Rail line in Rhode Island and Massachusetts

The East Providence Branch is a railroad line in Rhode Island and Massachusetts, in the United States. It connects Valley Falls, Rhode Island, to East Providence, Rhode Island, via South Attleboro, Massachusetts, and Pawtucket, Rhode Island. The branch was originally built by the Providence and Worcester Railroad (P&W) in 1874, connecting its main line to a coal dock in East Providence, and was 7 mi in length. At East Providence, the branch also met the East Junction Branch of the Boston and Providence Railroad and the mainline of the Providence, Warren and Bristol Railroad. Built as a single-track railroad with bridges and the right-of-way prepared for future double-tracking, the line was fully double-tracked from 1892 to 1895; the second track was eventually removed.

The P&W was leased by the New York, Providence and Boston Railroad in 1888; the NYP&B in turn was leased by the New York, New Haven and Hartford Railroad (the New Haven) in 1892. The New Haven operated the branch until its merger into Penn Central Transportation Company at the end of 1968; in February 1973, the P&W broke free of its lease and resumed operations of the branch it had originally built.

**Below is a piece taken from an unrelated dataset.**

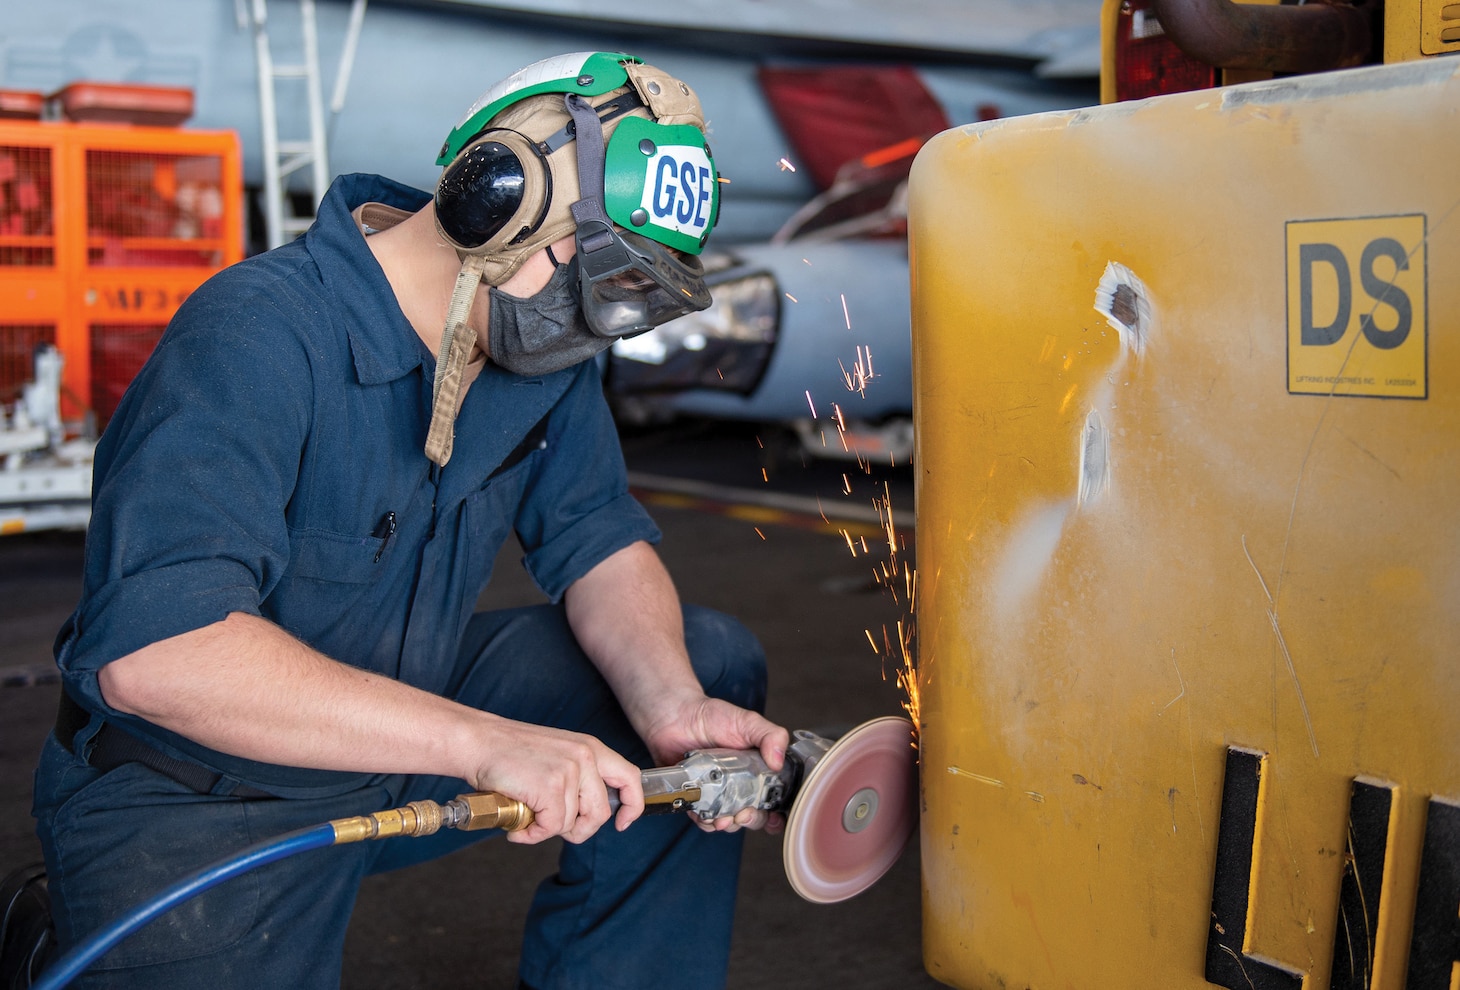 Aviation Support Equipment Technician Seaman Apprentice Zachary Owen, from Frederick, Maryland, uses an angle grinder to remove corrosion from a forklift in the hangar bay of the Nimitz-class aircraft carrier USS Harry S. Truman (CVN 75), Dec. 15, 2021.

The final 1.41 mi of the line were formally abandoned in 2006, with a new connection completed to the East Junction Branch that year. P&W operates local freight train service on the branch.

== Route ==
The branch begins in Valley Falls, Rhode Island, just south of Valley Falls Yard. It briefly enters Massachusetts in the southwestern corner of South Attleboro, crossing over Interstate 95, before reentering Rhode Island in Pawtucket after crossing over the Northeast Corridor. The line then parallels the George Bennett Highway for several miles, traveling southward in a nearly straight line. The branch continues past the terminus of the highway and enters East Providence, following the east bank of the Seekonk River and crossing the mouth of the Ten Mile River on the Omega Pond Railroad Bridge. Beyond the bridge, the branch curves eastward and connects to the East Junction Branch, via a new track built by the Providence and Worcester Railroad in 2006.

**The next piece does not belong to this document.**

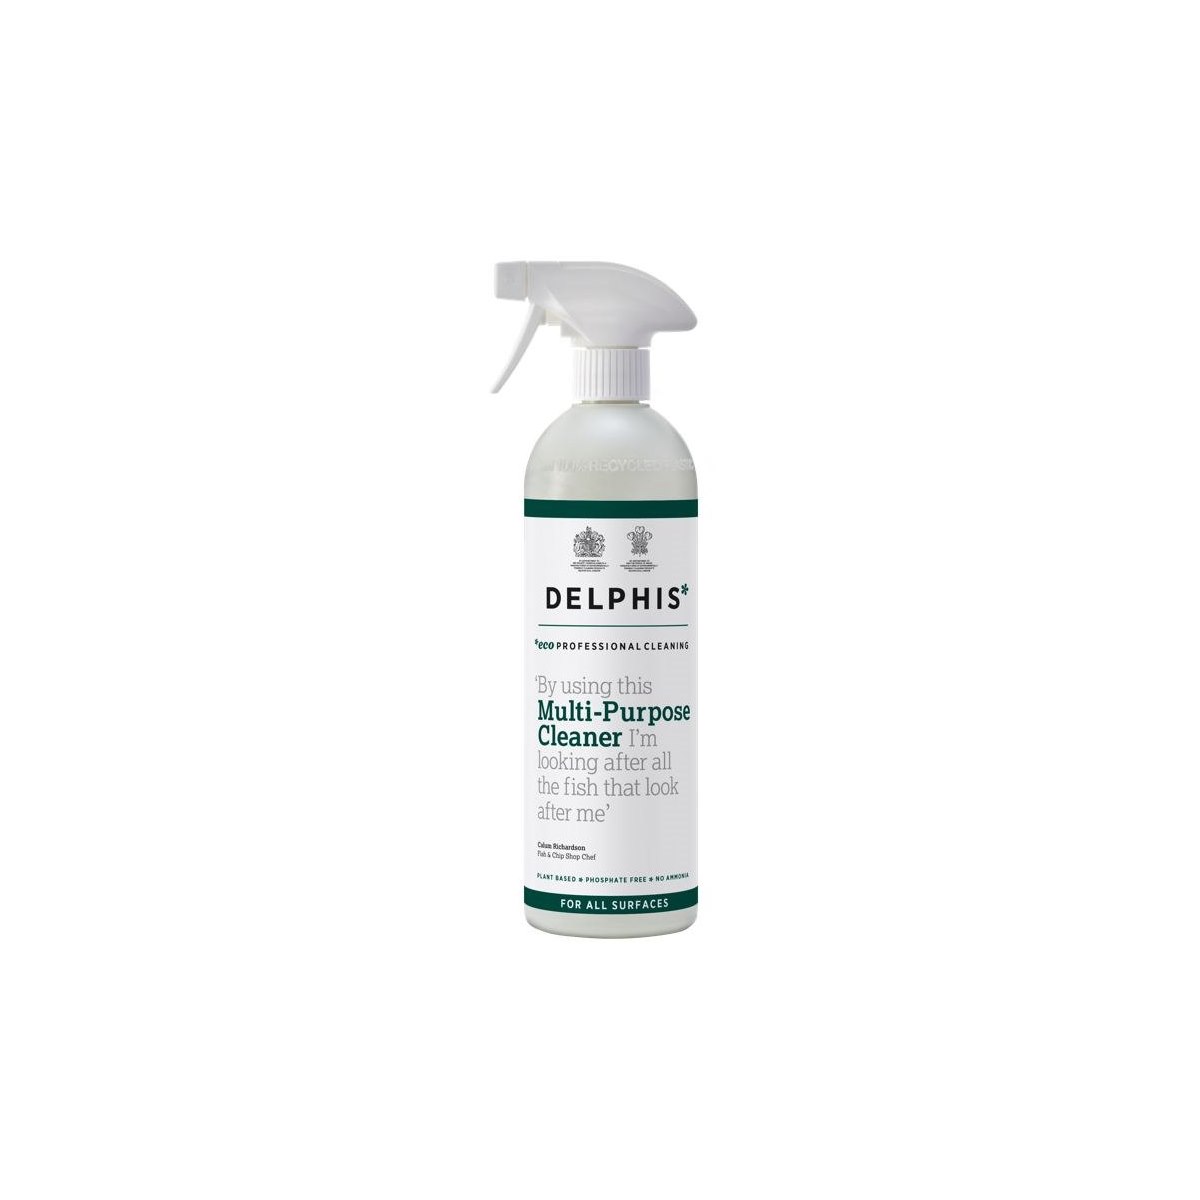 Delphis Eco Professional Cleaning Multi-Purpose Cleaner Spray

The original route, now abandoned, continues along the Seekonk River, passing under the Henderson Bridge, past the approaches to the disused Crook Point Bascule Bridge, and then beneath the Washington Bridge which carries Interstate 195. The right-of-way ends at the Wilkesbarre Pier by Bold Point.

== History ==
=== Design and construction ===
Initial surveys for a potential branch of the Providence and Worcester Railroad (P&W) to East Providence were completed in December 1867, by prominent Providence civil engineer S. B. Cushing. Cushing subsequently conducted further surveys, though the ultimately chosen route was very similar to that of the first survey.

The East Providence Branch was authorized in 1870 by the Rhode Island General Assembly, via an amendment to the Providence and Worcester Railroad's charter, with corresponding approval from the Massachusetts General Court for a small portion of the branch that entered South Attleboro, Massachusetts. It was to connect the tidewater areas of East Providence (at Bold Point) to the P&W main line in Valley Falls, Rhode Island.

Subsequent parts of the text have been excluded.